她確實已經練出了腹肌,但這個年紀已經開始發育,女孩子軟乎乎的身體緊緊貼了上來,那種觸感讓松田陣平差點沒被她嚇得直接跳起來。

他用手抵著她的腦袋,想把她推開,一邊耳根通紅地沖她大喊,“由紀你還是小孩子嗎?!”

棲川由紀沒放手,趴在桌上睡覺被壓出紅痕的額頭貼著他的手心,不管他再用力也不後退,反駁道,“陣平也還是小孩子啊。”

他堅持著,“我才不是小孩子了!是由紀你太幼稚了!”

“小由紀是做了什麽噩夢嗎?”萩原研二湊過來,從背後安撫地摸了摸她的頭,手撐在桌面上,傾身靠了過來。
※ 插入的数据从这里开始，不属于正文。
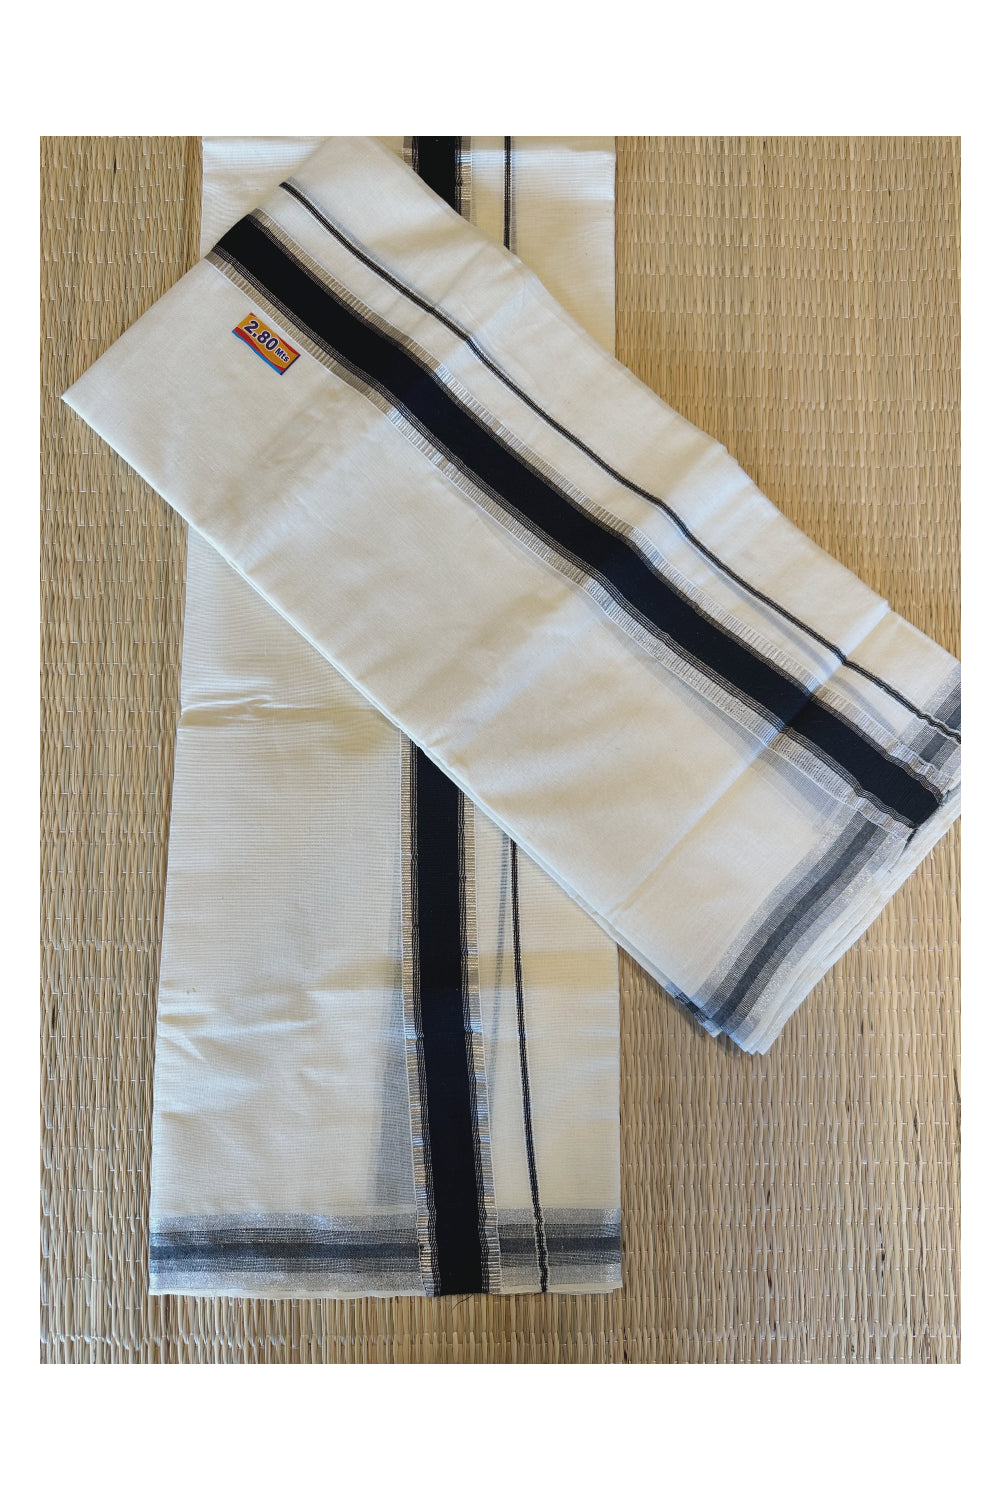 Kerala Cotton Mundum Neriyathum Single (Set Mundu) with Black and Silver Kasavu Border 2.80 Mtrs

他的氣息從背後壓近,棲川由紀沒覺得有什麽不對勁,只是悶悶地答道,“嗯。”

松田陣平越過把腦袋埋進自己頸窩的女孩子,瞳孔地震地看著另一位幼馴染。

“hagi,你……!”

萩原研二朝他眨了眨眼睛,頗為古靈精怪地wink了一下,然後伸手從後面抱了上來。

松田陣平神色僵硬地感受到了他環過中間的女孩子,然後又搭上自己腰的雙手。

“小陣平也還是小孩子,所以沒必要太堅強,”萩原研二抱住兩個幼馴染,承諾道,“無論如何,我們都會陪在小陣平身邊的。”

“嗯!”棲川由紀堅定地擁護了他的言論。

更小的時候也不是沒有這麽三個人抱在一起過,但松田陣平還是不免產生了些許的疑問——

真的可以嗎?一直陪在自己身邊什麽的。

就算是爸媽也會有自己的生活、自己的未來,不會和他捆綁在一起。那麽幼馴染這種存在,是真的可以永遠呆在一起的嗎?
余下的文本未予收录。